As to the source of her courageous badassery, the film traces a life-shaping vein. The heart of the film — and, arguably, of Goldin’s work — is her beloved older sister, Barbara, a rebellious nonconformist who was too full of life for their parents to handle. Instead they and some of the doctors they consulted silenced their firstborn with the label of mental illness. Her story is an unbearable one — her pain, her terrible death, her mother’s mode of denial. The suburban neighbors must not know about their domestic turmoil and its awful depths. The art world must not think about the source of all that cash aimed its way by museum benefactors. In The Ballad of Sexual Dependency, the 1985 slideshow and 1986 book that’s generally regarded as Goldin’s masterpiece, she included self-portraits that showed her scarred and bruised from a brutal battering by her ex-boyfriend. In her self-examination, in her embrace of people’s tough-to-look-at struggles, her ethos has been a rejection of shame.

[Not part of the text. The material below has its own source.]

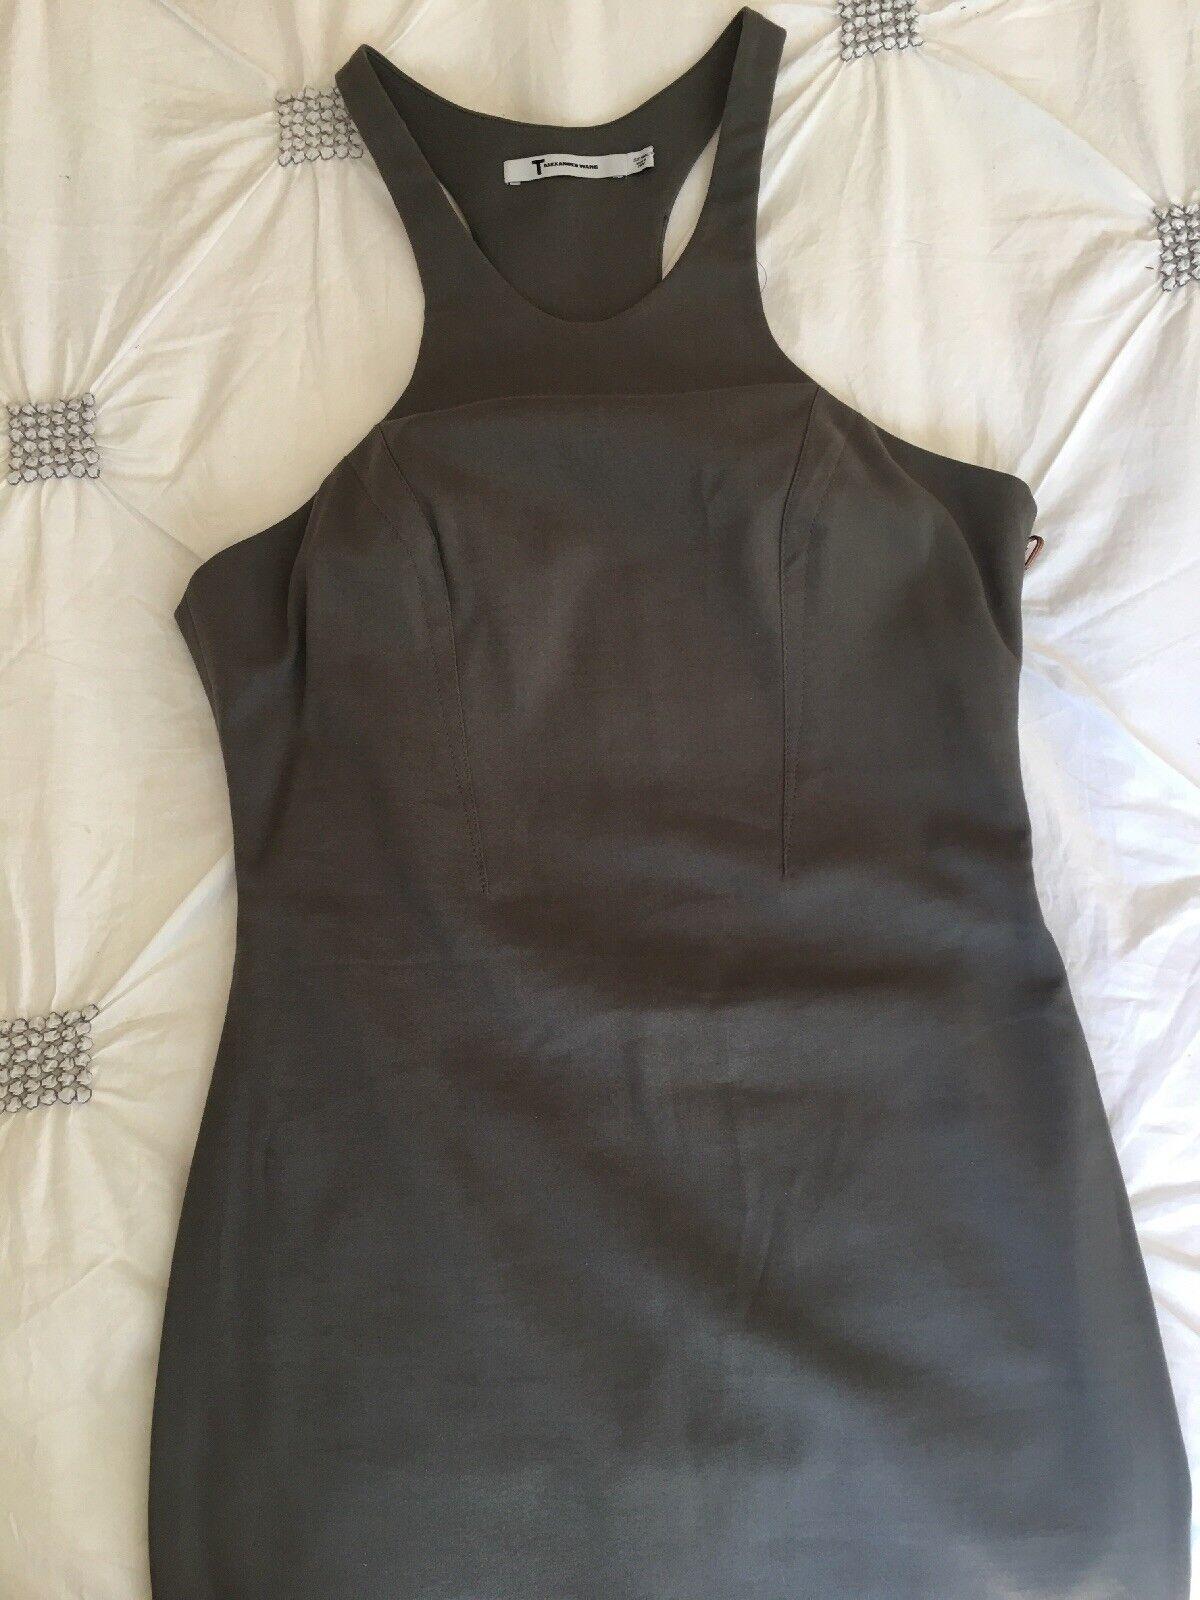 T by alexander wang dress in S

Filtering her outrage into focused action, she’s succeeded in pressuring a number of museums to cut their Sackler ties. Poitras, in her accustomed in-the-room reportage role, captures a remarkable virtual confrontation, part of Purdue Pharma’s bankruptcy hearing, in which Goldin and other people affected by OxyContin confront members of the Sackler family — their testimony unfolding across laptop screens, but charged with emotion nonetheless. Sacklers might avert their gaze for an instant, but they can’t look away.
“You grow up,” Goldin says at one point in the documentary, “being told, ‘That didn’t happen.’ ” When, after the shivers and shimmers of the score by Soundwalk Collective, Lucinda Williams’ voice comes over the closing credits, a voice infused with hard knocks and openheartedness, it’s the perfect cap to the film, emphasizing that this did happen, and there’s no point in looking away. The story of Goldin’s activism would make a worthy film. The story of her birth and blossoming as an artist would too. The story of her sister pulls all this into another dimension, and the way Poitras and Goldin have brought the threads together, into the light, is a distillation likely to shake you to the core. It’s art.